Margine di commessa: come calcolarlo davvero (e perché quello che credi di avere non c'è)

Fatturi bene ma a fine anno non resta niente. Non è un problema di prezzi: è che il margine lo calcoli sul preventivo, non sulla commessa chiusa. Ecco come si calcola davvero, con un esempio numerico su un lavoro di serramenti.
Categoria: Gestione · Lettura 11 min · Aggiornato il 2026-08-21 · di Florin Andriciuc
In sintesi
- Il margine di commessa si calcola come (ricavo della commessa − tutti i costi diretti) ÷ ricavo, e va misurato a lavoro chiuso, non sul preventivo emesso.
- I costi che fanno sparire il margine non sono i materiali: sono i rientri in cantiere, le ore non preventivate, i trasporti extra e le contestazioni finali.
- Un preventivo che esce con il 25% di margine teorico chiude spesso tra il 10% e il 15% reale: la differenza è tutta nella fase di posa e nel post-vendita.
- Il margine minimo è il numero sotto cui non firmi: si calcola dai costi fissi mensili divisi per il fatturato atteso, e va deciso prima della trattativa, non durante.
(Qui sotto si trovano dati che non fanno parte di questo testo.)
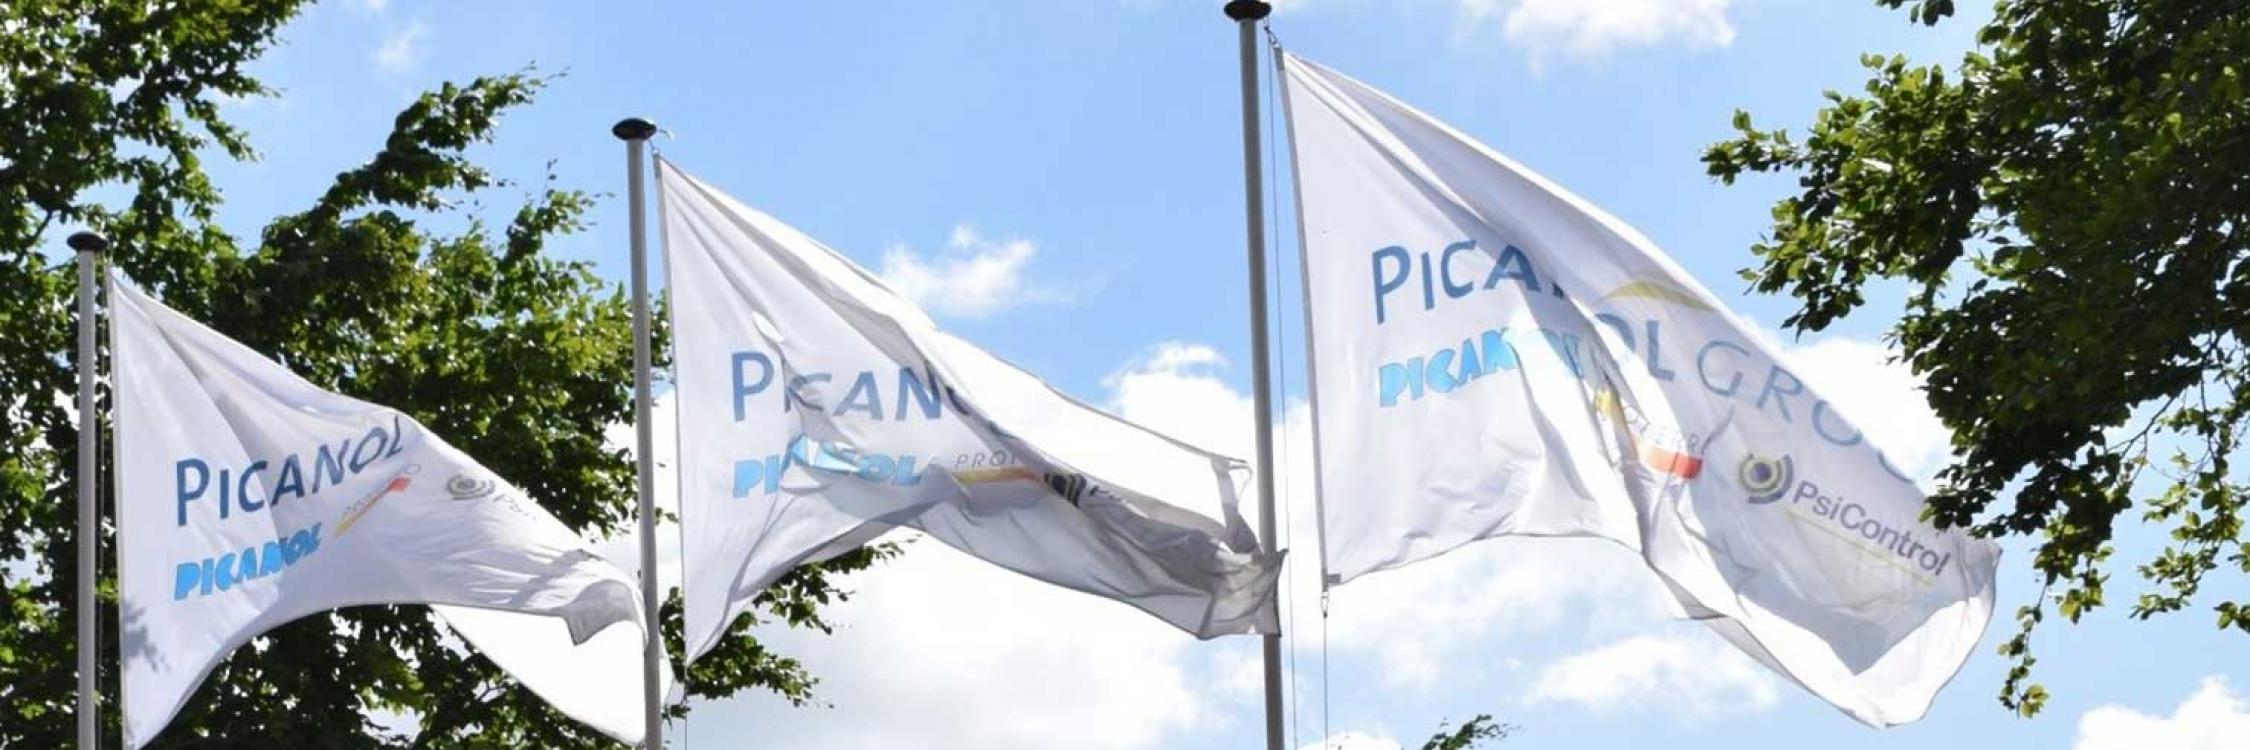 Picanol-Group.jpg

- Uno sconto del 10% su un lavoro con il 25% di margine non ti costa il 10%: ti costa il 40% del guadagno di quella commessa.
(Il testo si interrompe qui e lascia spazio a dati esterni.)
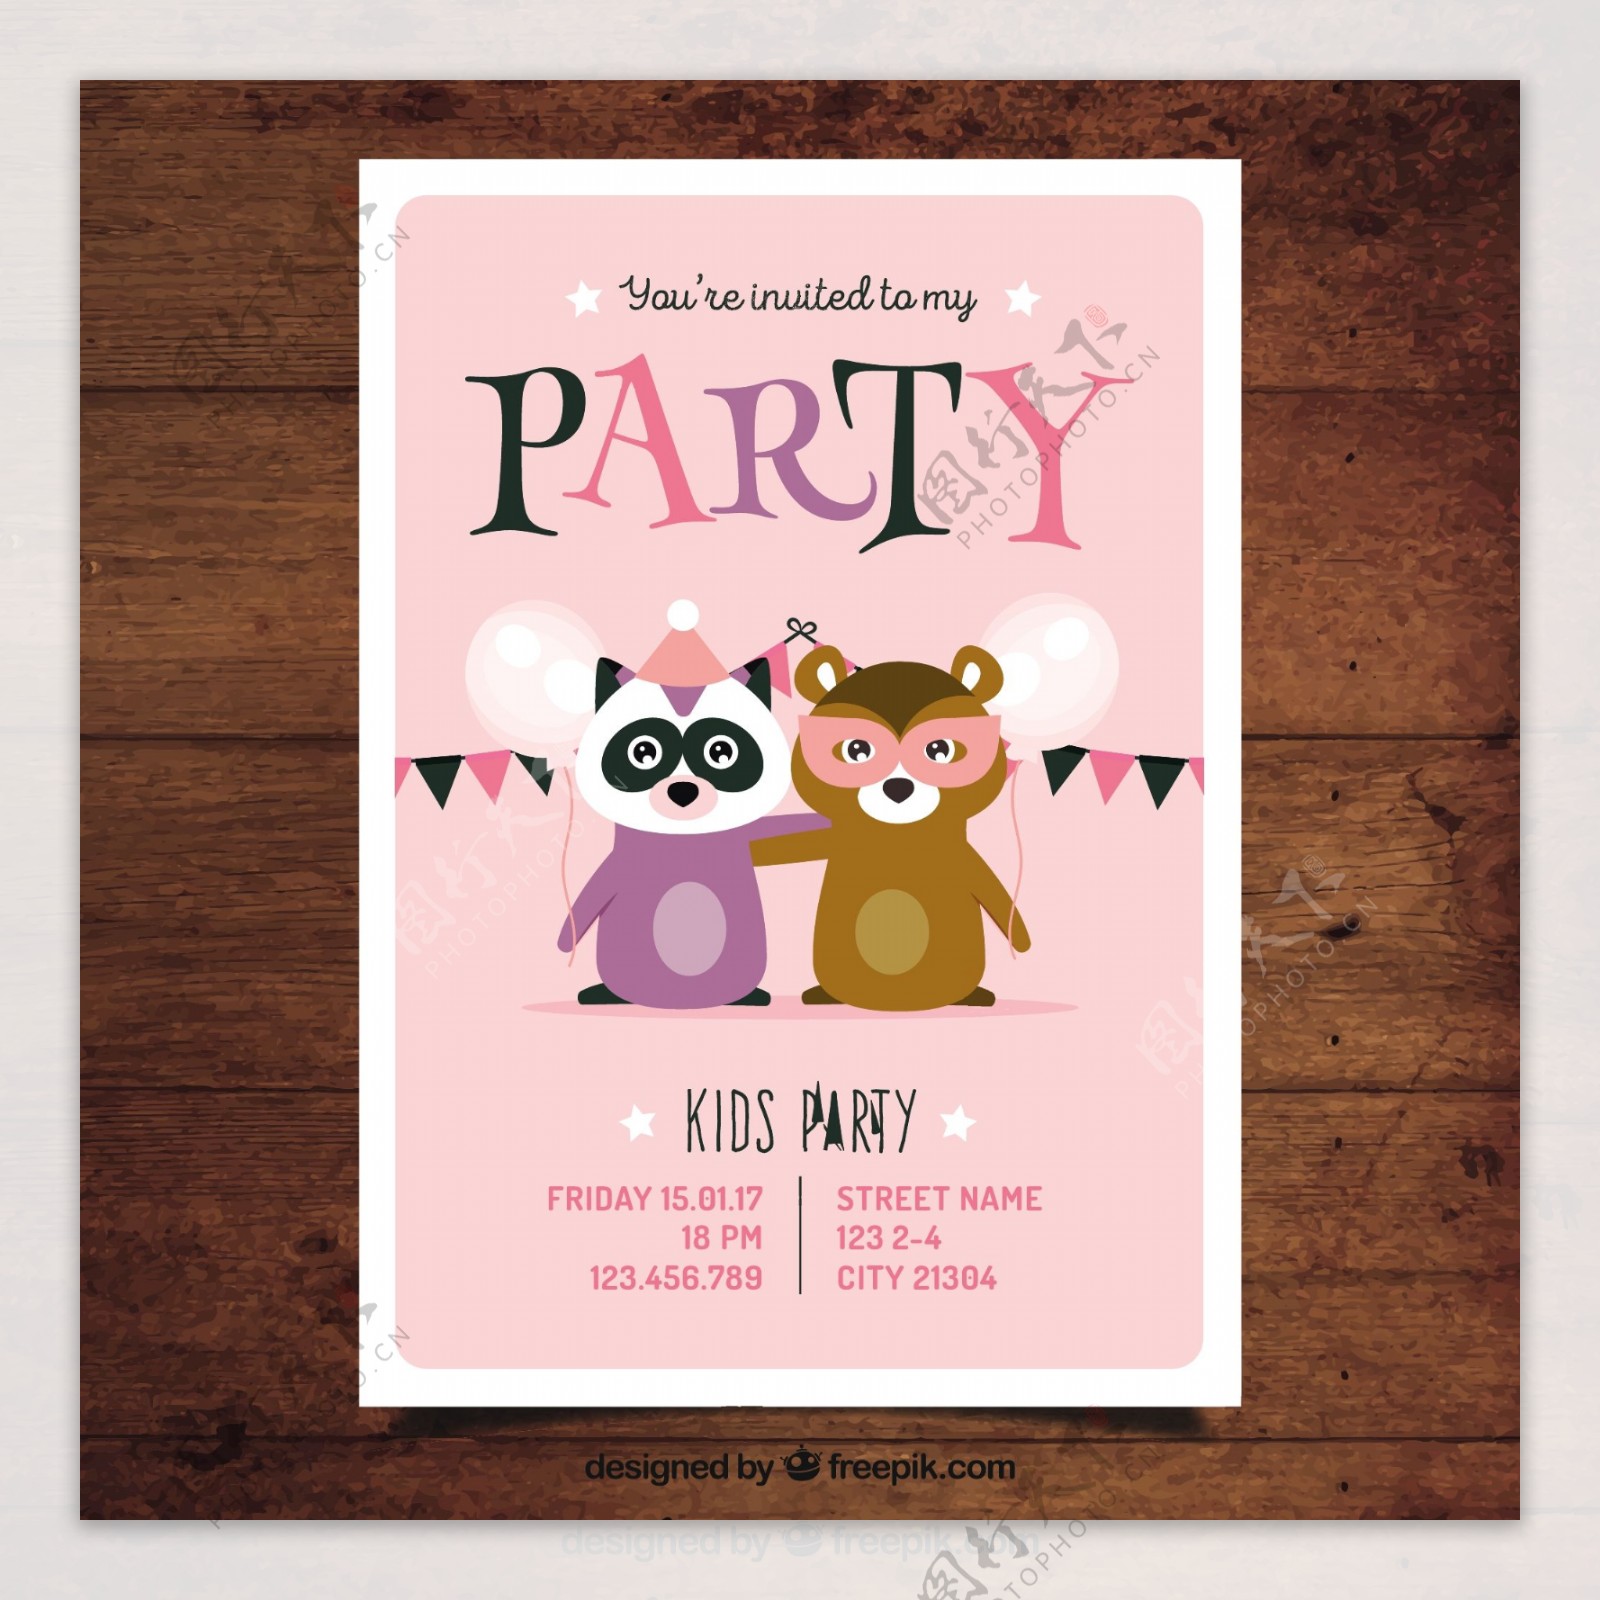 派对邀请模板与动物

Come si calcola il margine di una commessa in edilizia
Il margine di una commessa edile si calcola così: (ricavo della commessa − tutti i costi diretti) ÷ ricavo × 100. I costi diretti sono materiali, manodopera di posa, trasporti, noleggi, subappalti e ogni ora di rientro in cantiere legata a quel lavoro. Il calcolo va fatto a commessa chiusa, non sul preventivo emesso: è lì che si vede la differenza tra quello che pensavi di guadagnare e quello che è rimasto davvero.
Da imprenditore a imprenditore: il problema non è che non sai fare i conti. È che li fai una volta sola, all'inizio, quando emetti il preventivo — e poi non li rifai mai più. Il preventivo dice 25% di margine. La commessa, sei mesi dopo, ne ha lasciati 11. E nessuno se ne accorge, perché il fatturato è cresciuto.
Questo articolo è il pezzo che manca prima di imparare a non fare sconti: non puoi difendere un prezzo se non sai quanto ti serve guadagnarci.
Perché il margine che credi di avere non è quello reale
Quando prepari un preventivo, calcoli i costi che conosci: le finestre dal fornitore, le giornate di posa previste, il trasporto. Su quella base metti il tuo ricarico e ottieni un numero che ti sembra sano.
Poi la commessa parte, e succede la realtà:
- Il muratore trova un vano fuori squadra e servono due ore in più a finestra.
- Manca un pezzo, si torna in cantiere una terza volta.
- Il cliente cambia idea sul colore di due persiane a ordine già partito.
- La consegna slitta e il ponteggio resta montato dieci giorni in più.
- A fine lavoro c'è una contestazione su un davanzale e regali la sostituzione.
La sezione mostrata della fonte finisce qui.